Vale observar que parcela não negligenciável do insatisfatório desempenho
do IPTU pode ser atribuída simplesmente à falta de informação ou
ignorância dos agentes e tomadores de decisão. Oportunidades são ignoradas
por falta de ‘cultura fiscal’. Muitas são as administrações que estariam
genuinamente dispostas a promover melhorias. Entretanto, nem sempre estão
aptas a tais iniciativas.
5. Proposta para o Fortalecimento da Capacidade Fiscal dos Municípios
Pelo exposto nos itens anteriores, conclui-se que as melhorias observadas com relação ao
desempenho do IPTU tendem a ser geradas por ações isoladas pontuais e até acidentais,
afetando um número reduzido de municípios. Ou seja, tais melhorias não resultam de um
movimento mais abrangente, de caráter nacional, capaz de produzir significativo impacto
no desempenho do imposto no Brasil tanto como fonte de receita, quanto como instrumento
regulador do uso e ocupação do solo urbano. Para promover a inadiável melhoraria na
equidade, eficiência e efetividade do imposto no país, é evidente a necessidade de um
esforço mais compreensivo e sistemático de apoio aos municípios.

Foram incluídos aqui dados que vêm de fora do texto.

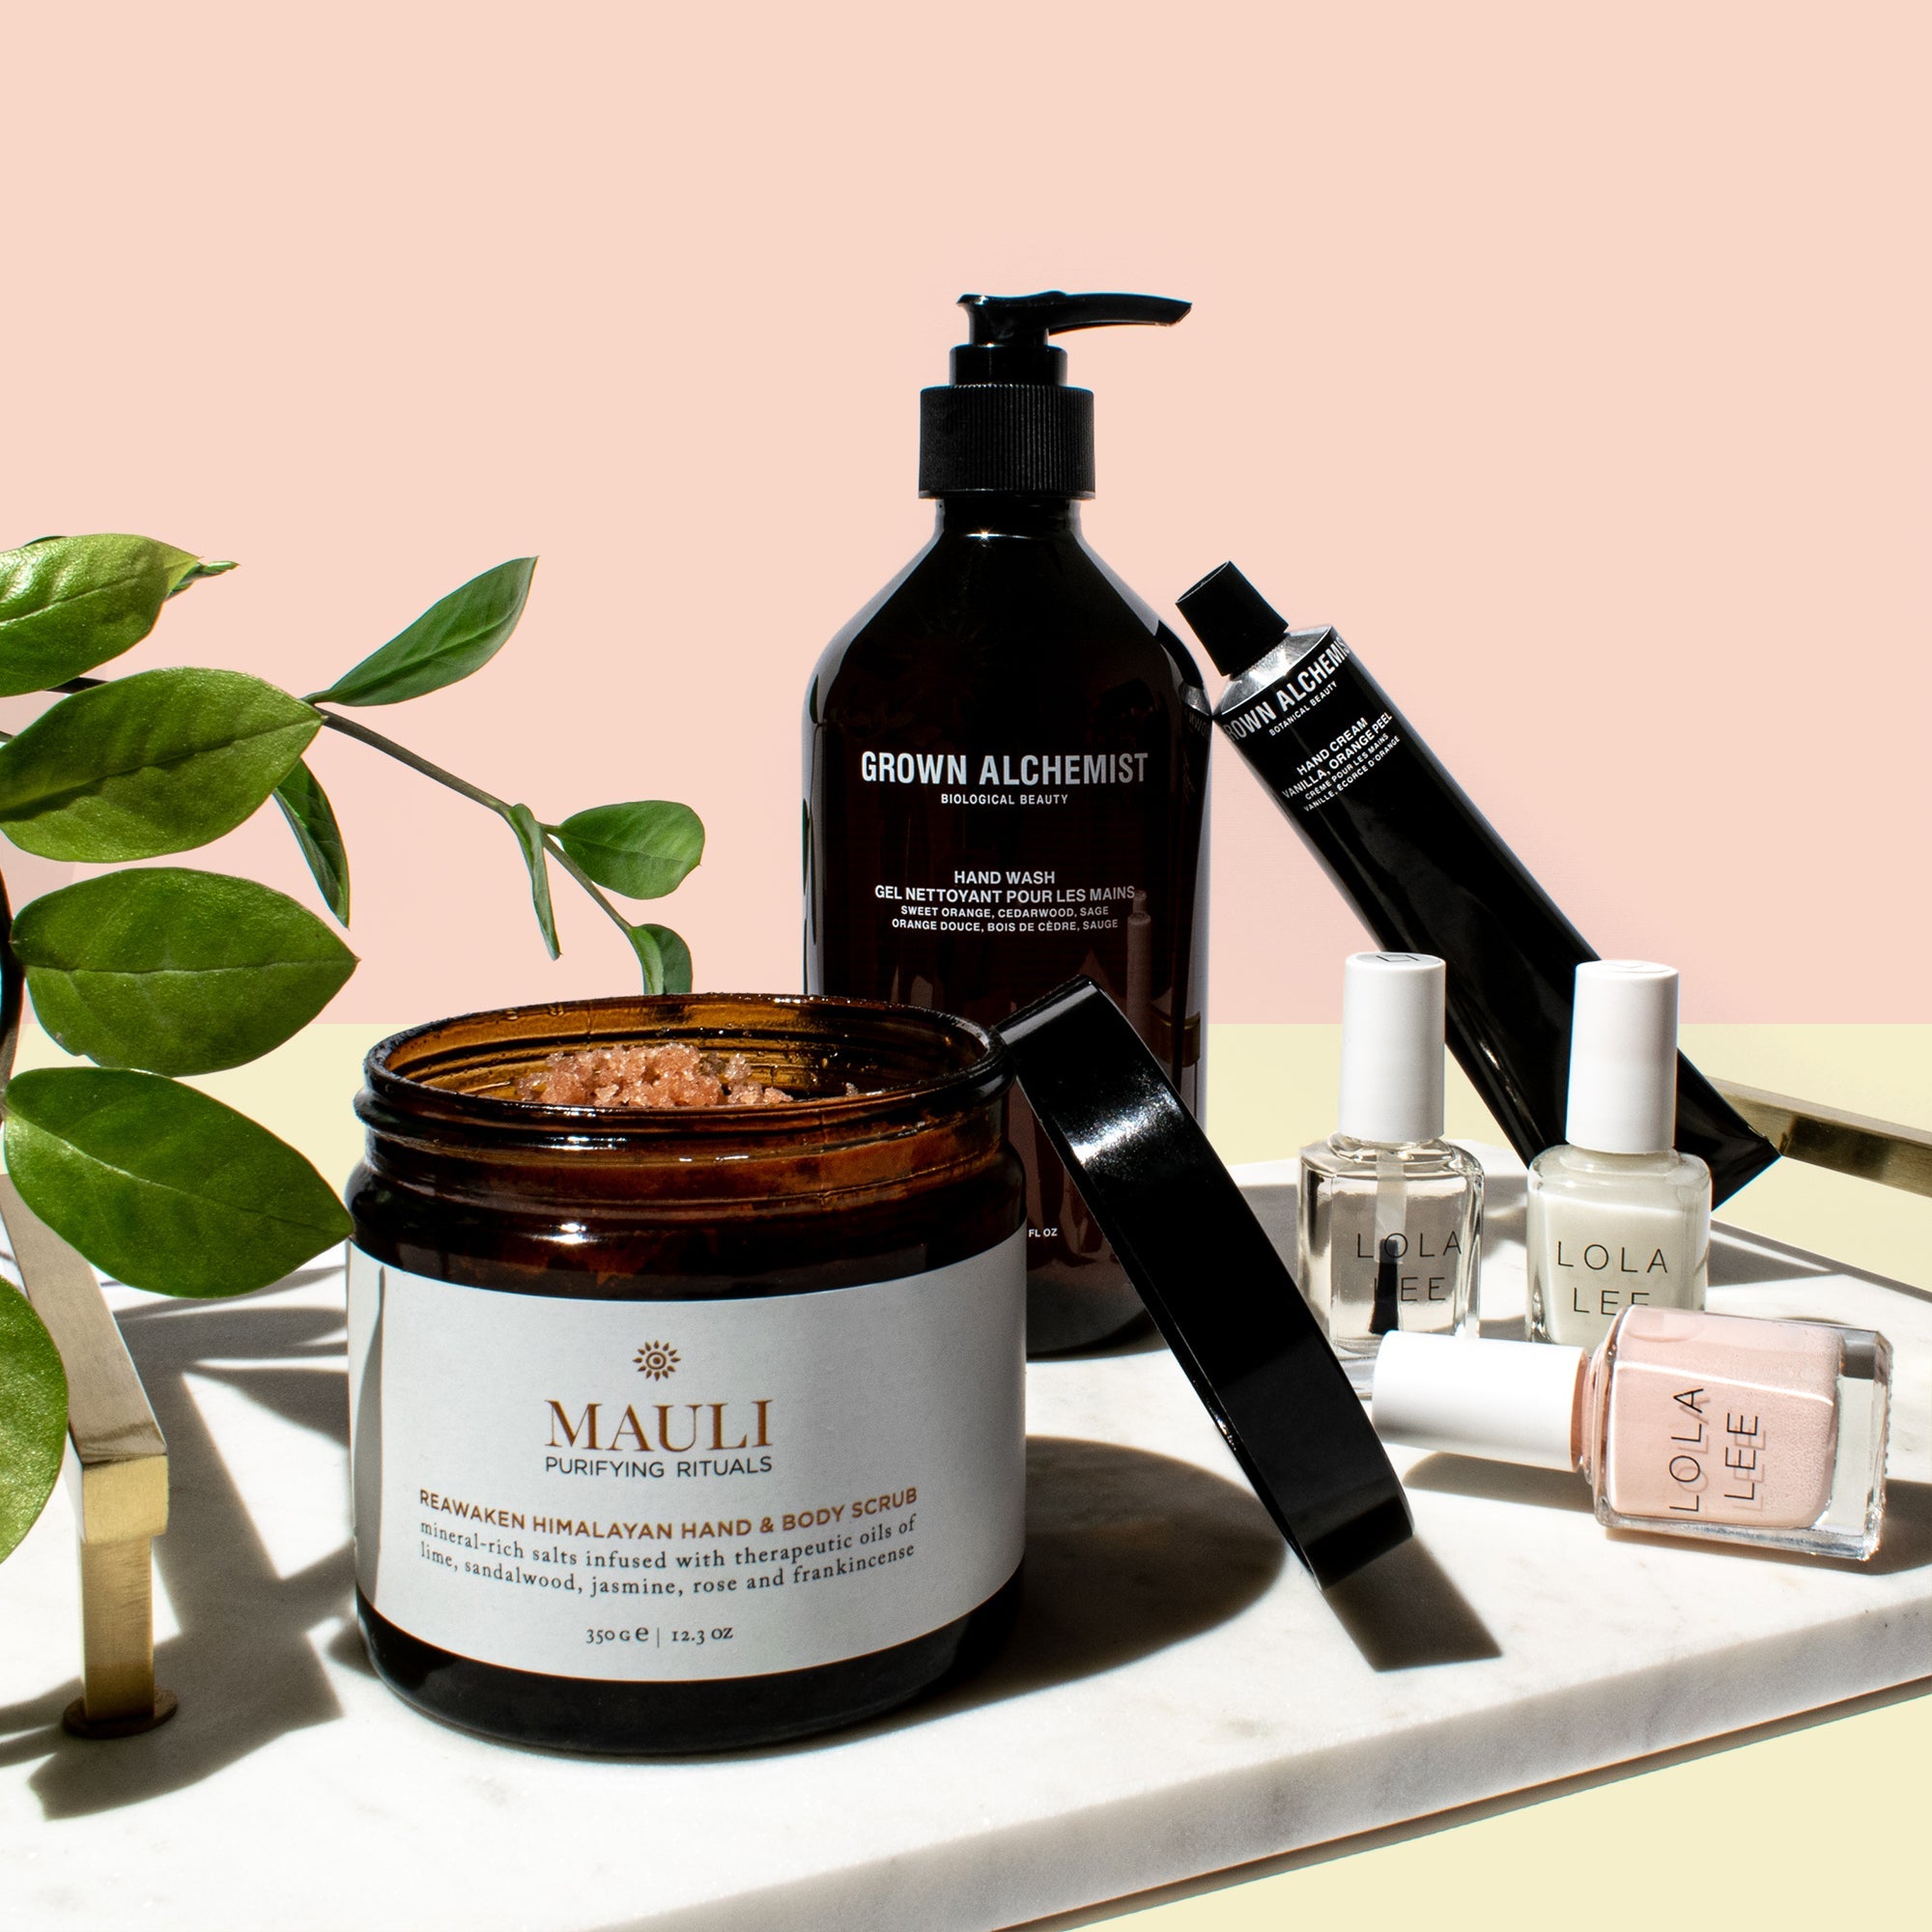 7 Clean Beauty Products You Should Switch To In 2021 - Secret Skin

Há necessidade de fortalecimento dos municípios através da revitalização de um tributo
que, por sua natureza única, é capaz de atuar não apenas como fonte de receita, mas
também como um instrumento regulador do funcionamento do mercado de terras
apresentando, entre outras vantagens, a tendência de contribuir com o desenvolvimento
urbano, com a regulação do território, com a melhoria do acesso a terra e com a
recuperação das mais valias urbanas geradas por investimentos públicos.
Por fim, cabe notar que os recursos técnicos requeridos para tanto são rigorosamente os
mesmos requeridos para a aplicação dos instrumentos previstos de recuperação de mais
valias previstos no estatuto das cidades. Como resultado, os benefícios da melhorar a gestão
do IPTU podem ser maximizados na medida em que habilitaria os municípios a aplicar
adequadamente outros instrumentos de caráter urbano.